O ECM já a previu no sábado, mas recuou, esperemos que volta a prever-la.


----------



## martinus (30 Jan 2012 às 15:37)

*Re: Seg. Previsão do Tempo e Modelos - Janeiro 2012*



David sf disse:


> Neste momento estamos entre uma onda de frio histórica.

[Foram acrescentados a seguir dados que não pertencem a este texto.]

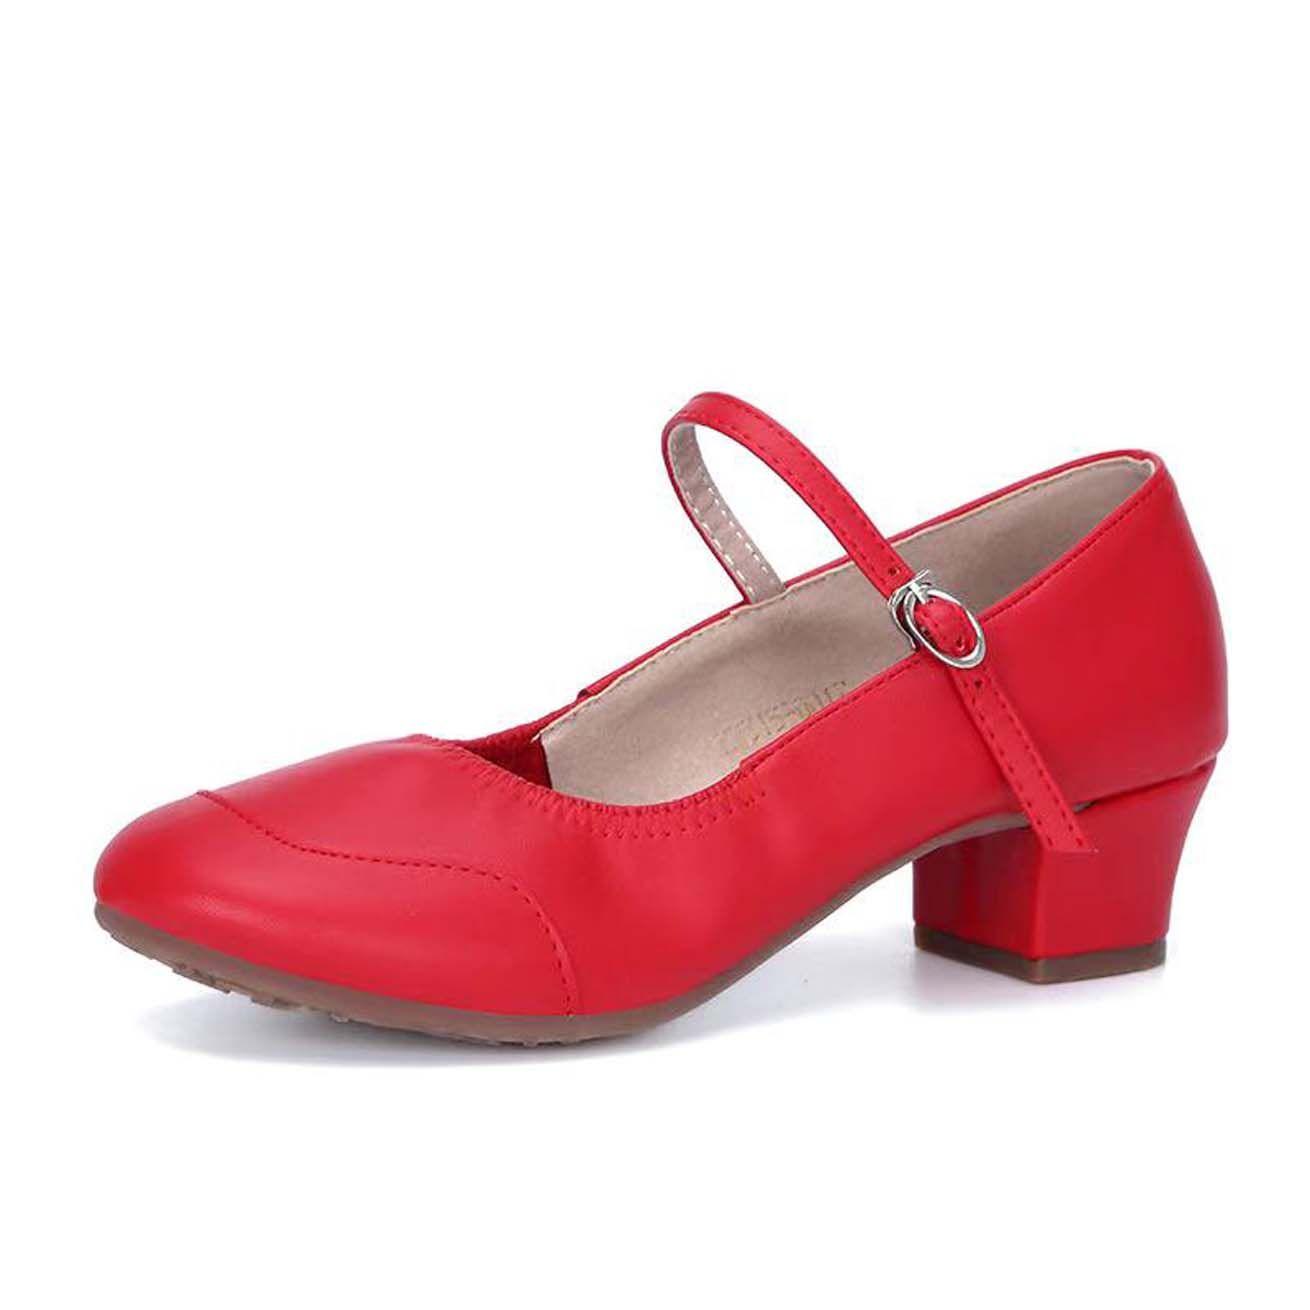 TOP calidad de las mujeres de los hombres zapatillas de deporte de velocidad entrenador de atenuación de bajos plana de la manera del calcetín Botas Casual Speed Trainer zapatos que caminan shoe008 P261

Uma característica interessante da mentalidade do nosso tempo e do nosso espaço cultural, é a de as pessoas tenderem a prever a história. A história passa a ser feita de acontecimentos futuros. Deixa de ser a ciência do passado e passa a ser a antevisão do futuro.

Se não estou enganado, a temperatura mais baixa registada até hoje em Espanha ocorreu na primeira metade do século XX e foi algo do género -38 C.

Ora, neste evento histórico, a ocorrer eventualmente no futuro, creio que temperaturas dessa magnitude não estão sequer previstas para a Rússia, a Polónia ou a Finlandia.


----------



## MarioCabral (30 Jan 2012 às 15:40)

*Re: Seg. Previsão do Tempo e Modelos - Janeiro 2012*

Acredito numa entrada fria, mas parece-me pouco provável ser tão fria como o GFS a põe...são precisas várias condições para que isso aconteça...mas de qualquer das formas algo parece certo...
As saídas de hoje serão importantes para confirmar que o GFS mantém a aposta e se o ECMWF começa já a ver algo mais concreto...
Pode acontecer como já muitos disseram, é um cenário provável...mas ainda longe de ser "confirmado"...nem os 2 principais modelos estão de acordo...logo...esperar e seguir as próximas saídas...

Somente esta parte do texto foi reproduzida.